Directions ▸
Start to finish, copy the data exactly.

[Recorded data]
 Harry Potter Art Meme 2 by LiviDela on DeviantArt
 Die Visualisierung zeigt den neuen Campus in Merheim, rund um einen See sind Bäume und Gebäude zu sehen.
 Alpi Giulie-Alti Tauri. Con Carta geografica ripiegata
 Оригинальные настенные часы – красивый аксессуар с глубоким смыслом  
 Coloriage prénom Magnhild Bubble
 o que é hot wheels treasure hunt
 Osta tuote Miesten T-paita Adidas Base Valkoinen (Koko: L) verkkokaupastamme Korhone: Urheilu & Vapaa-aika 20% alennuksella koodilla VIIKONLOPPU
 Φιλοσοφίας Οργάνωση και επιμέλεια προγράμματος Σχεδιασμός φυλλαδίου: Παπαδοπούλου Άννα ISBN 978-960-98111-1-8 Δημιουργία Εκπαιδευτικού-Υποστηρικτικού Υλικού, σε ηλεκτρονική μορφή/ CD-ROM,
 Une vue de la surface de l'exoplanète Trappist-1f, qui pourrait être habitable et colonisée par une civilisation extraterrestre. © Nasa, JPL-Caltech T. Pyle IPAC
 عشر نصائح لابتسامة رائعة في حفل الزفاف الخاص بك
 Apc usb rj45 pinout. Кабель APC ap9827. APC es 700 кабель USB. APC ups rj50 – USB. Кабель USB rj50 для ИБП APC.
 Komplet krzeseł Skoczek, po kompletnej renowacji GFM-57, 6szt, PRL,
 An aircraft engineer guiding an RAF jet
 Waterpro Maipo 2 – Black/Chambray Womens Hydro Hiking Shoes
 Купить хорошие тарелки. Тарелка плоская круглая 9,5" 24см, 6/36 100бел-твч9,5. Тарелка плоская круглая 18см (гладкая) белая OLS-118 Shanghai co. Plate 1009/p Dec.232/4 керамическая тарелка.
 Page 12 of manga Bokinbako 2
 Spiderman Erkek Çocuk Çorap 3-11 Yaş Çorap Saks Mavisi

Written reply ▸
 Harry Potter Art Meme 2 by LiviDela on DeviantArt
 Die Visualisierung zeigt den neuen Campus in Merheim, rund um einen See sind Bäume und Gebäude zu sehen.
 Alpi Giulie-Alti Tauri. Con Carta geografica ripiegata
 Оригинальные настенные часы – красивый аксессуар с глубоким смыслом  
 Coloriage prénom Magnhild Bubble
 o que é hot wheels treasure hunt
 Osta tuote Miesten T-paita Adidas Base Valkoinen (Koko: L) verkkokaupastamme Korhone: Urheilu & Vapaa-aika 20% alennuksella koodilla VIIKONLOPPU
 Φιλοσοφίας Οργάνωση και επιμέλεια προγράμματος Σχεδιασμός φυλλαδίου: Παπαδοπούλου Άννα ISBN 978-960-98111-1-8 Δημιουργία Εκπαιδευτικού-Υποστηρικτικού Υλικού, σε ηλεκτρονική μορφή/ CD-ROM,
 Une vue de la surface de l'exoplanète Trappist-1f, qui pourrait être habitable et colonisée par une civilisation extraterrestre. © Nasa, JPL-Caltech T. Pyle IPAC
 عشر نصائح لابتسامة رائعة في حفل الزفاف الخاص بك
 Apc usb rj45 pinout. Кабель APC ap9827. APC es 700 кабель USB. APC ups rj50 – USB. Кабель USB rj50 для ИБП APC.
 Komplet krzeseł Skoczek, po kompletnej renowacji GFM-57, 6szt, PRL,
 An aircraft engineer guiding an RAF jet
 Waterpro Maipo 2 – Black/Chambray Womens Hydro Hiking Shoes
 Купить хорошие тарелки. Тарелка плоская круглая 9,5" 24см, 6/36 100бел-твч9,5. Тарелка плоская круглая 18см (гладкая) белая OLS-118 Shanghai co. Plate 1009/p Dec.232/4 керамическая тарелка.
 Page 12 of manga Bokinbako 2
 Spiderman Erkek Çocuk Çorap 3-11 Yaş Çorap Saks Mavisi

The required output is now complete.